## INSTRUCTIONS FOR THE TASK
Starting at the line that holds "Freddy Krueger in", reproduce each line exactly up to and including the last line of the records below. Pictures stay out.

## THE RECORDS

__________

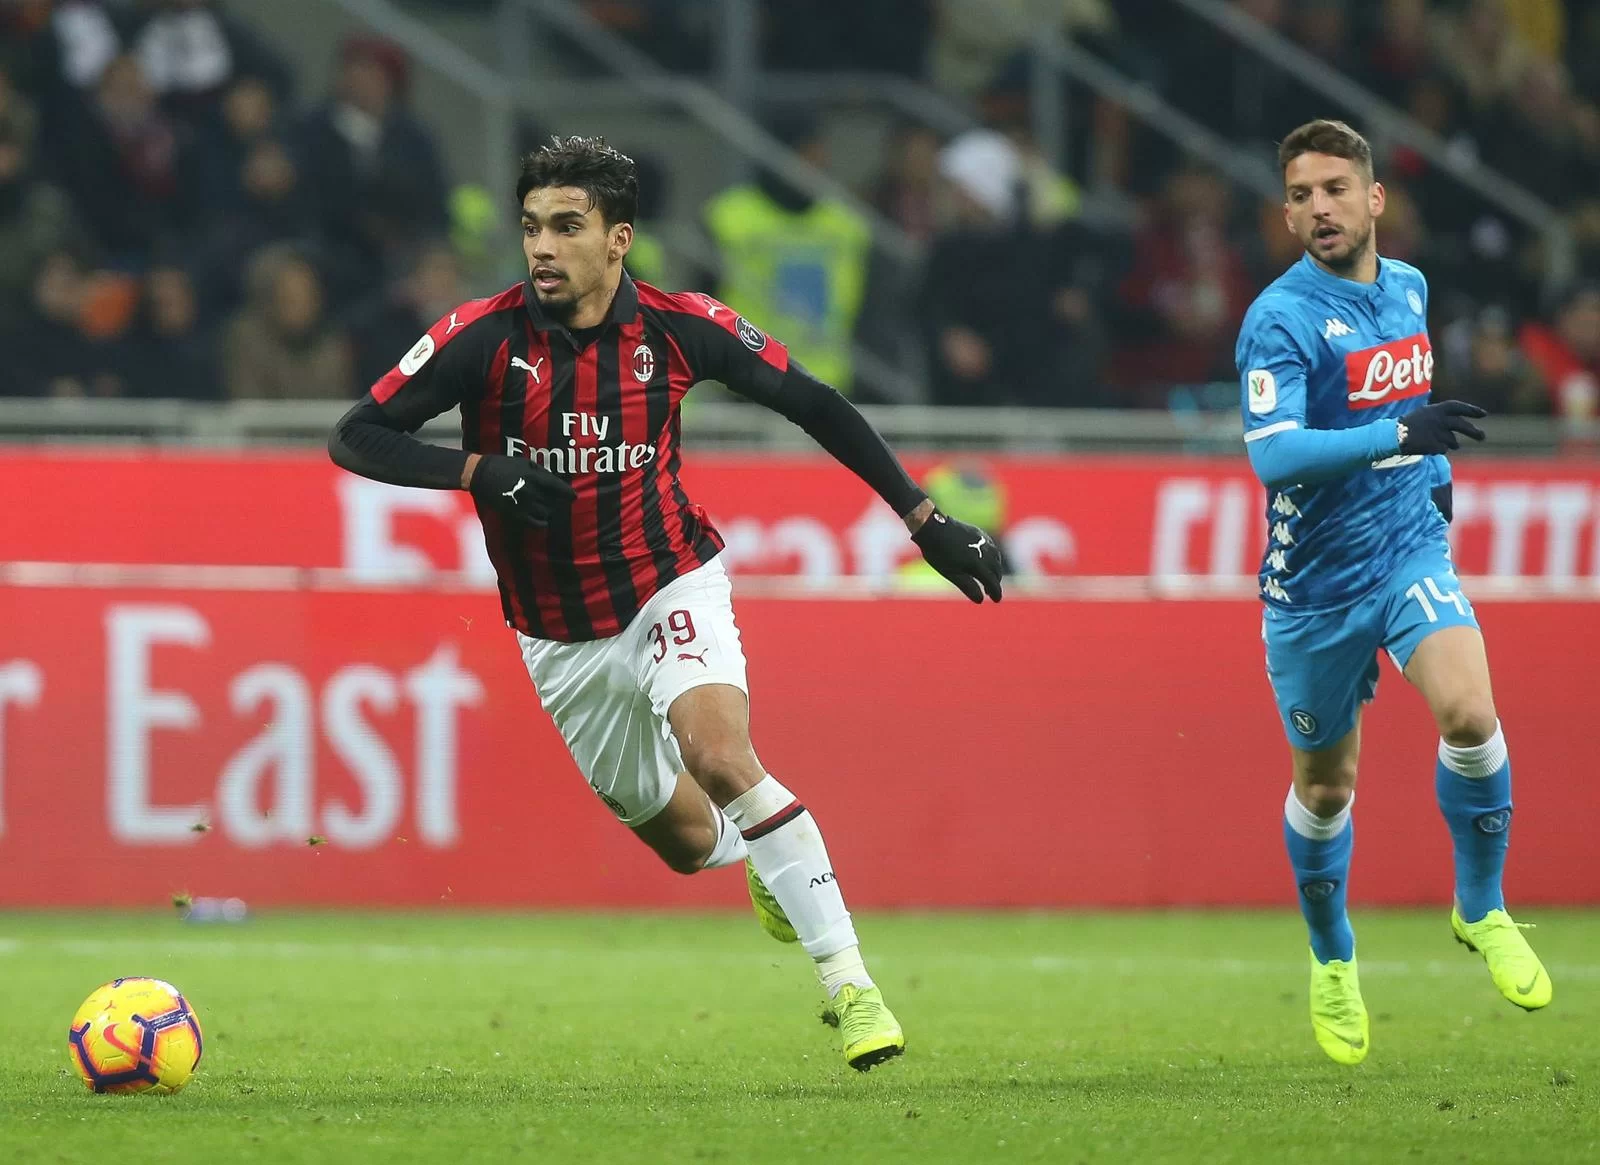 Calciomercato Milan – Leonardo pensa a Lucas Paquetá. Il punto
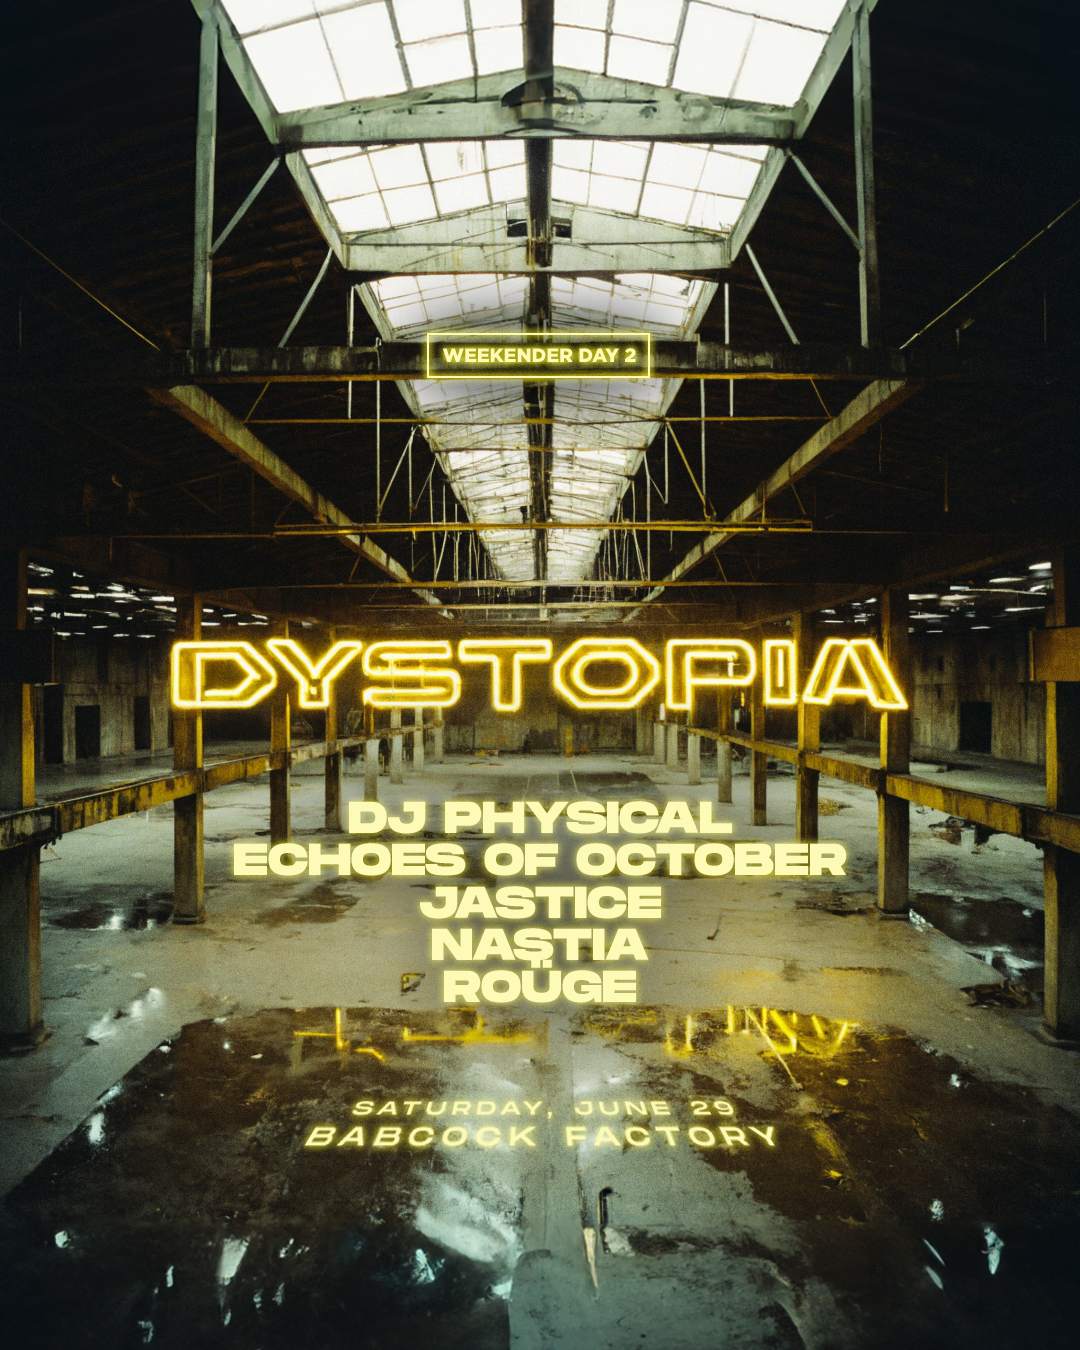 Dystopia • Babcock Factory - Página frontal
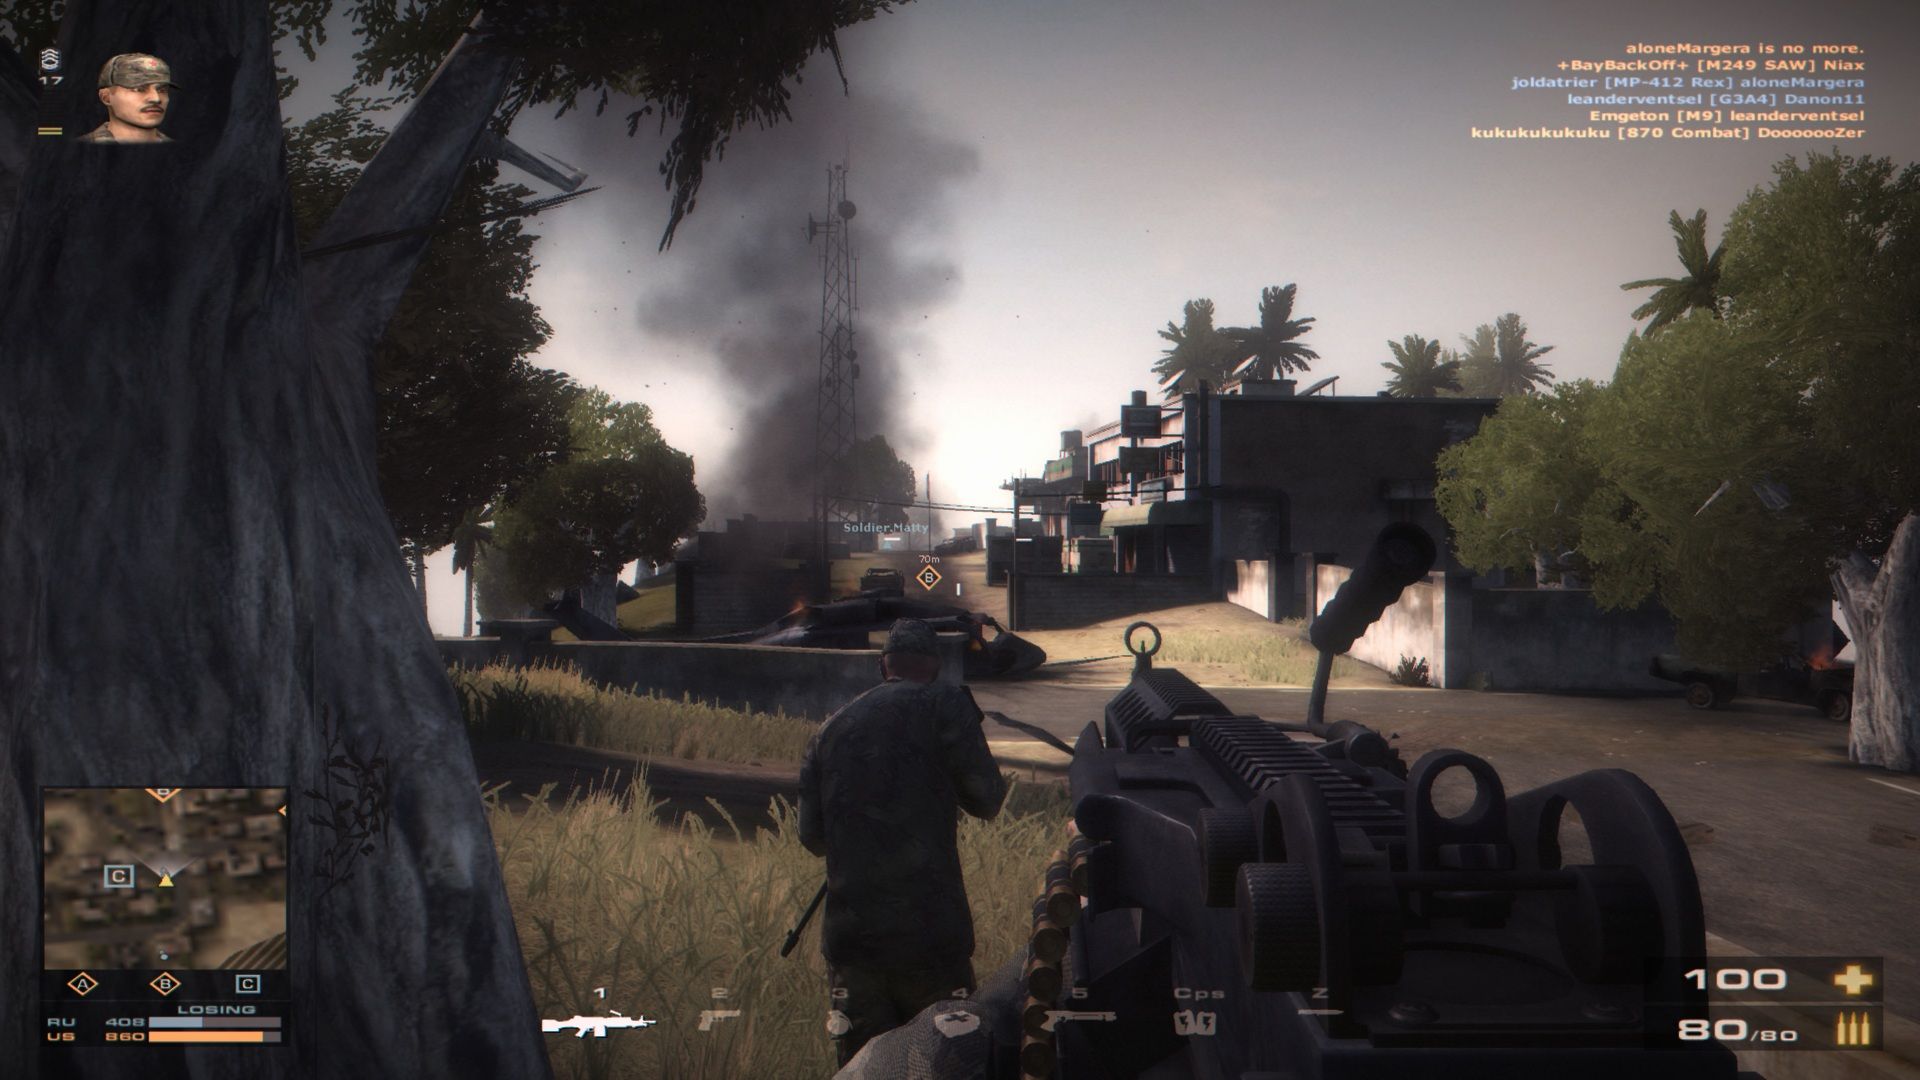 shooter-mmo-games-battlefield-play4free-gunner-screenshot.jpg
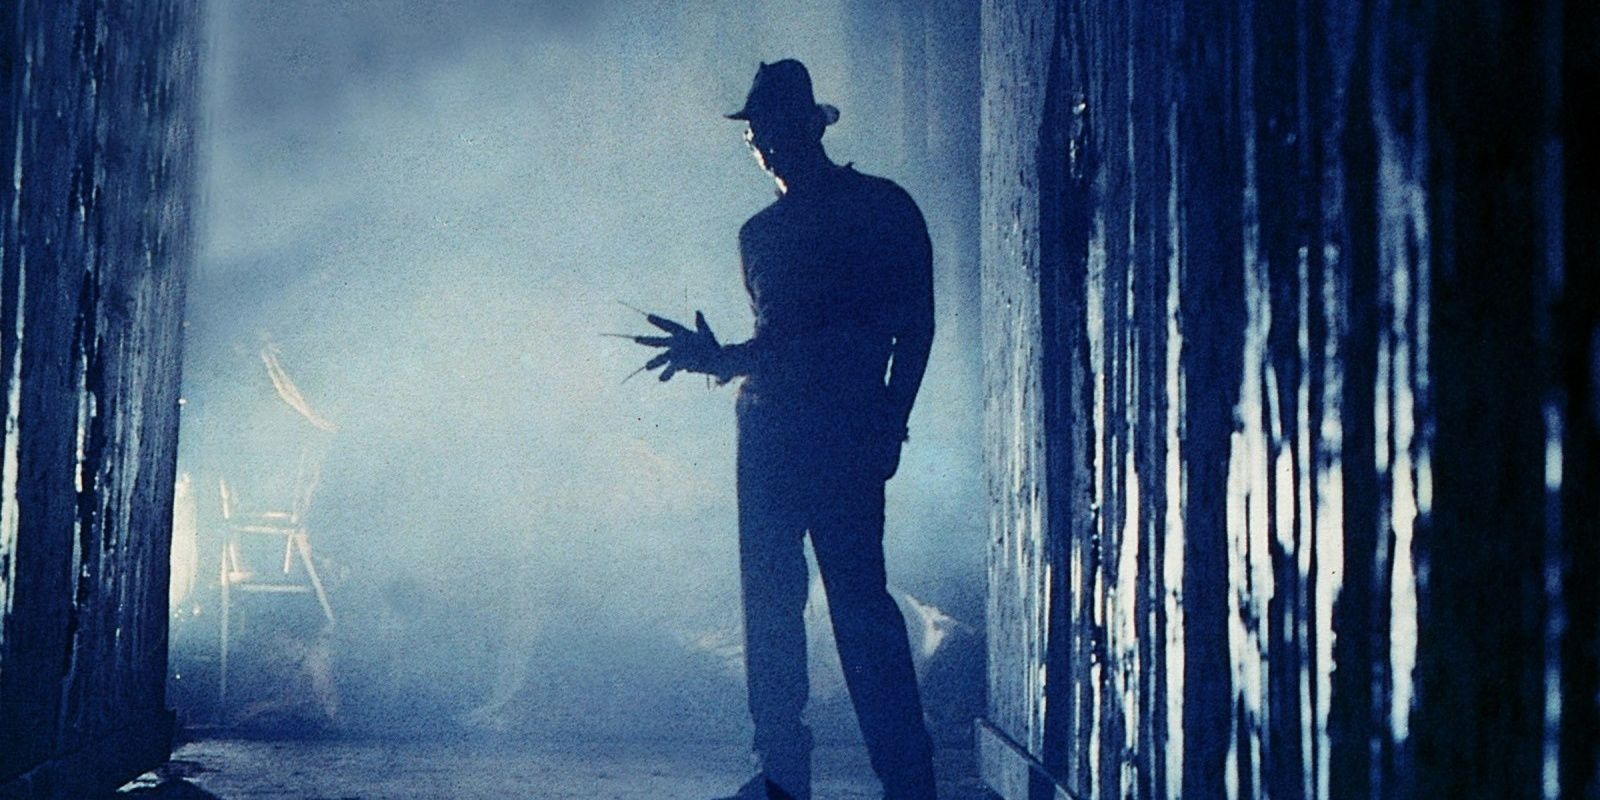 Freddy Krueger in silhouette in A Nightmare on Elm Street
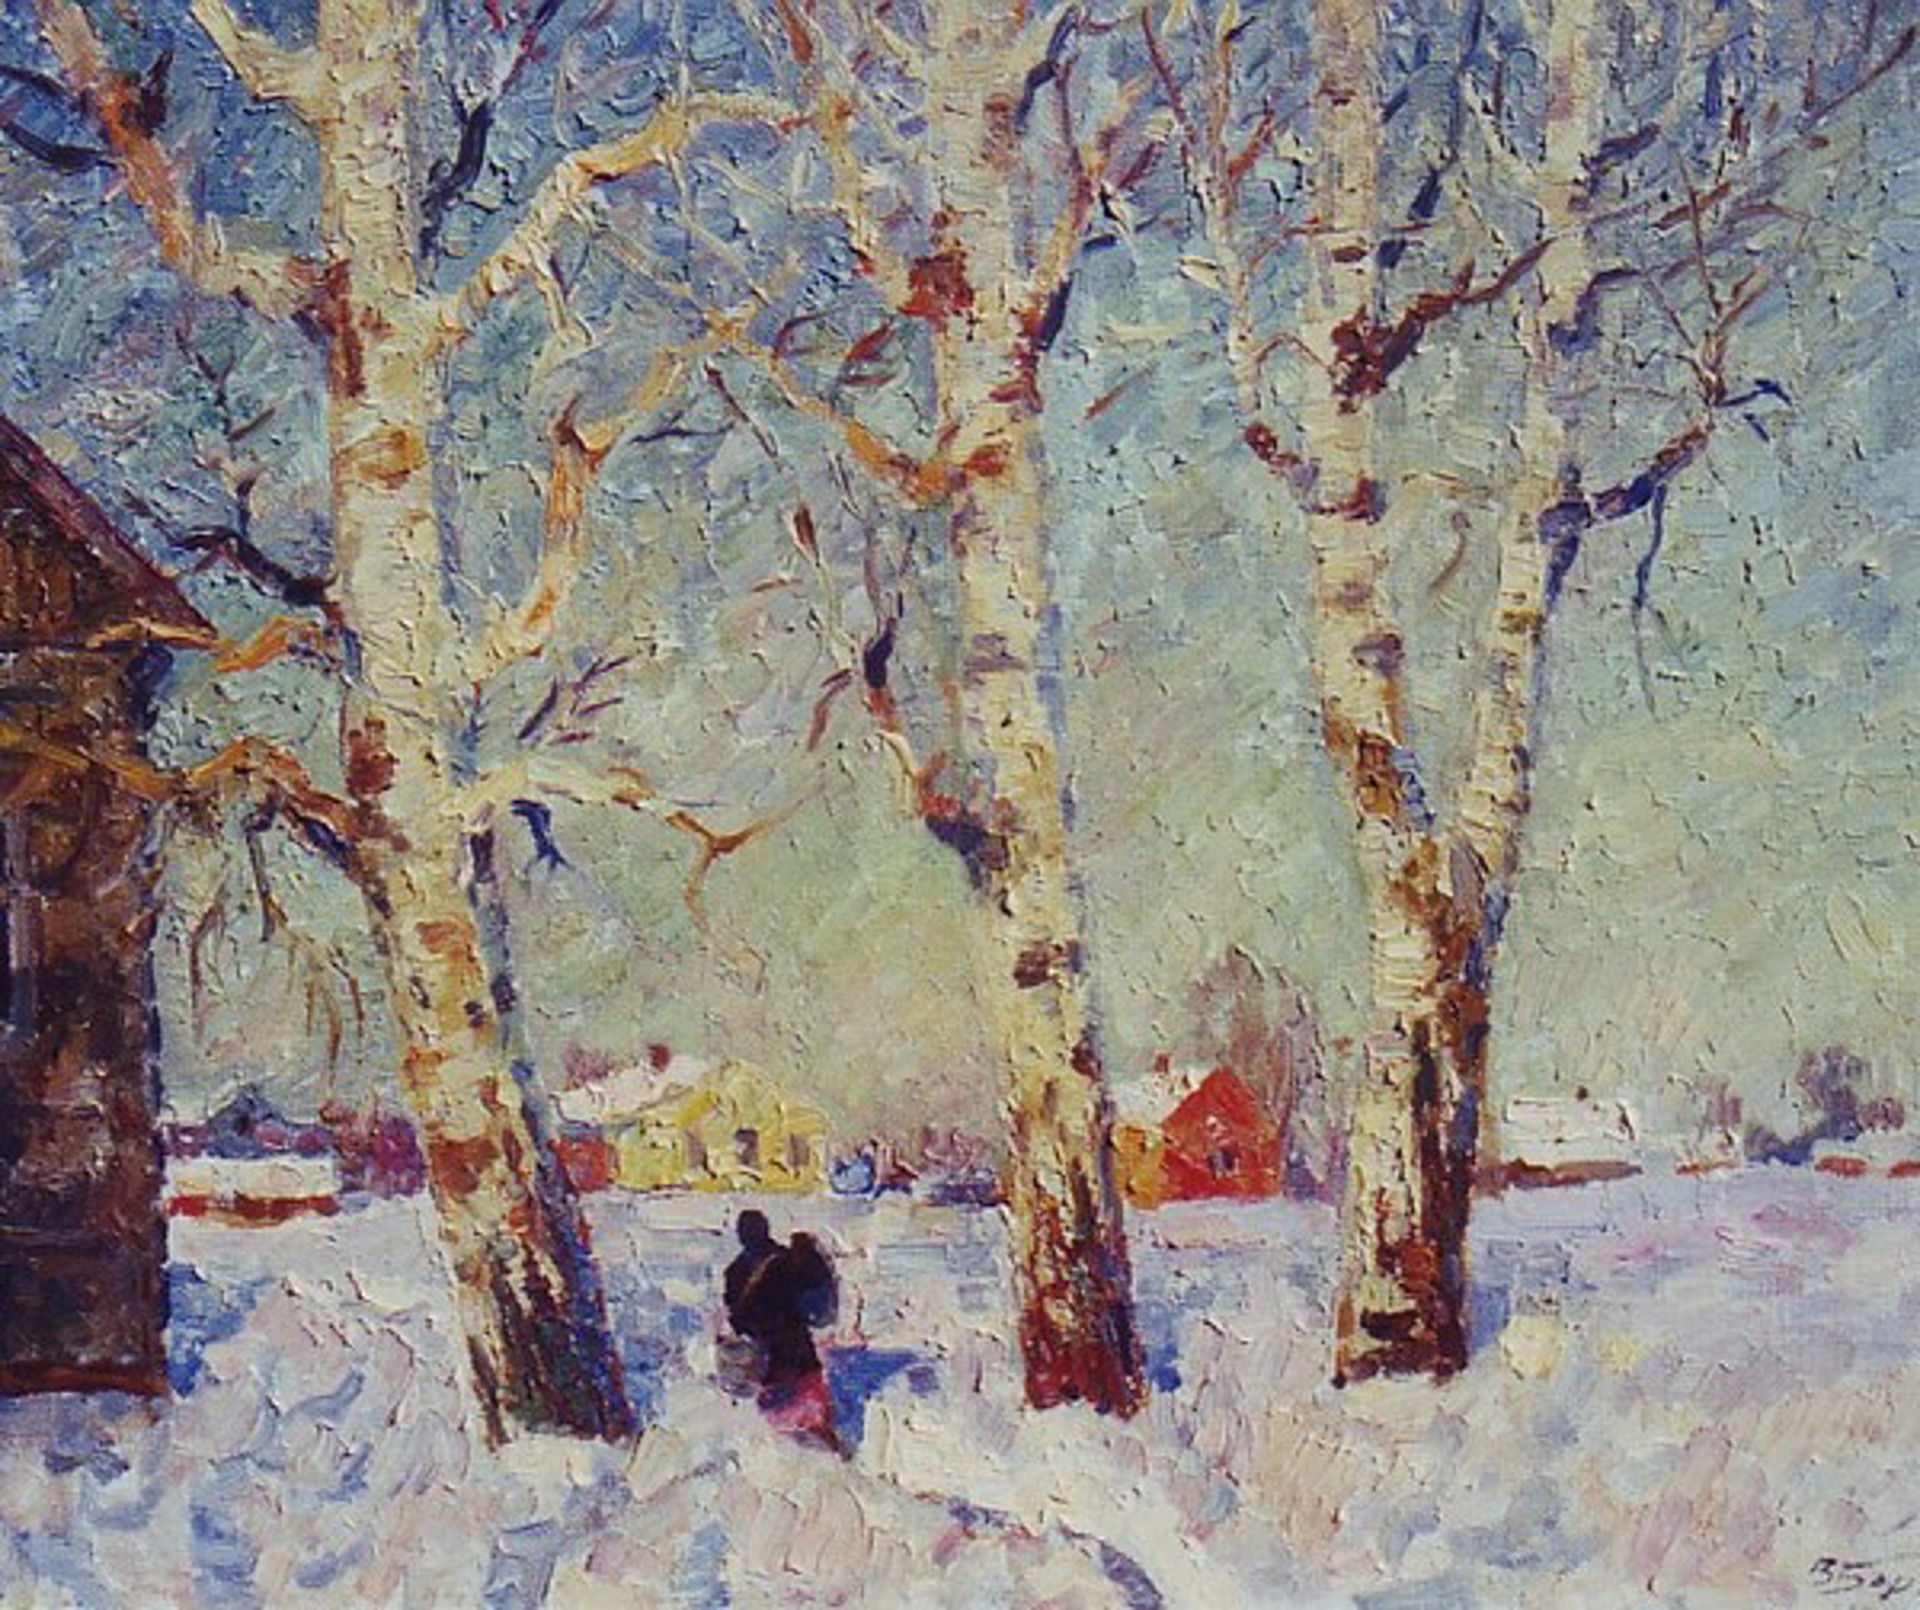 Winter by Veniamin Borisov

__________

## RESULT
 Freddy Krueger in silhouette in A Nightmare on Elm Street
 Winter by Veniamin Borisov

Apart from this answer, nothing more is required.